Police in the Pakistani capital have arrested a top leader of a civil rights movement campaigning against alleged military abuses in the country’s restive northwestern Pashtun tribal regions.
Lawmaker Mohsin Dawar, a leader of the Pashtun Tahafuz Movement (PTM), was arrested outside the press club in the Pakistani capital on January 28. He was protesting for the release of PTM leader Manzoor Pashteen, who was detained a day earlier. Nearly 20 more PTM supporters were also arrested during the clampdown.
“Such arrests will not prevent us from showing the true face of this state to the world,” Dawar said in a brief video message from inside the police van that drove him and other PTM members from the protest site.
“This is state terrorism,” former lawmaker Afrasiab Khattak, who took part in the protest, wrote on Twitter. “The way they dragged people, including Ali Wazir and Mohsin Dawar, the sitting members of parliament, to police vans, said it all.”

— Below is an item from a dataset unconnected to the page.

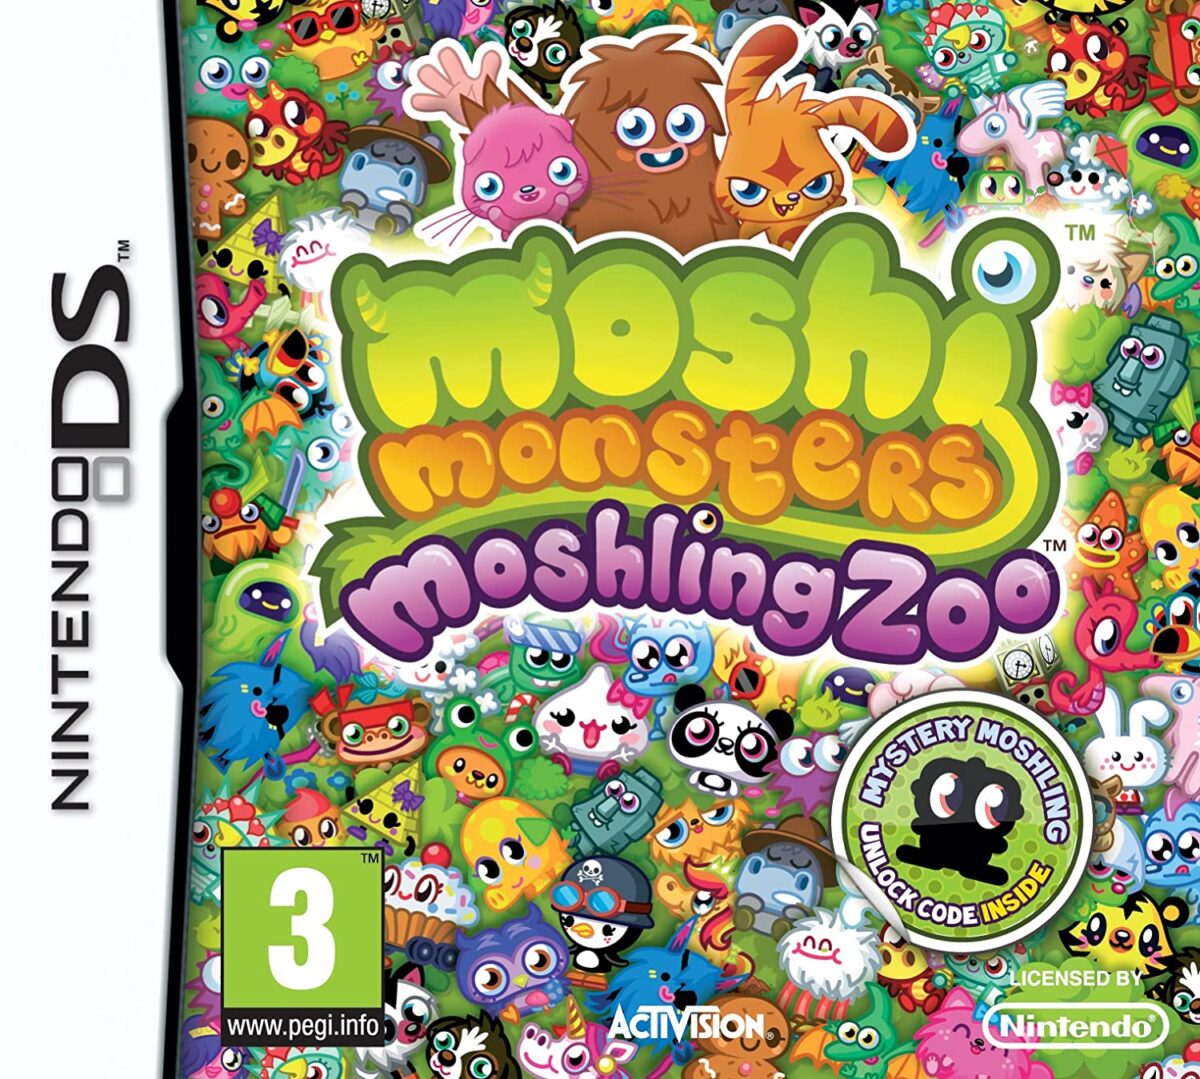 Moshi Monsters Moshling Zoo (DS) (No manual)

The arrests come amid protest rallies in Pakistan, Afghanistan, and around the globe calling for the release of Pashteen, who has been charged with sedition, criminal conspiracy, and inciting public disturbance.
The government has not commented on the latest arrests. But Interior Minister Ijaz Shah said the police had arrested Pashteen because of a criminal complaint. “We cannot compromise if there is a criminal activity punishable by the rules, regulations, and laws of the country,” he told Radio Mashaal on January 28.
Shah, however, acknowledged the government should resolve political problems through dialogue. “There is no doubt that all problems have a political solution through dialogue,” he said.
The arrests have attracted strong condemnation.
“I condemn the arrest of my National Assembly [colleague] Moshin Dawar and others protesting the detention of Manzoor Pashteen,” tweeted Bilawal Bhutto Zardari, the leader of opposition Pakistan Peoples Party. “The government would be well served by remembering its oath to uphold the constitution of Pakistan. Peaceful protest is not a crime.”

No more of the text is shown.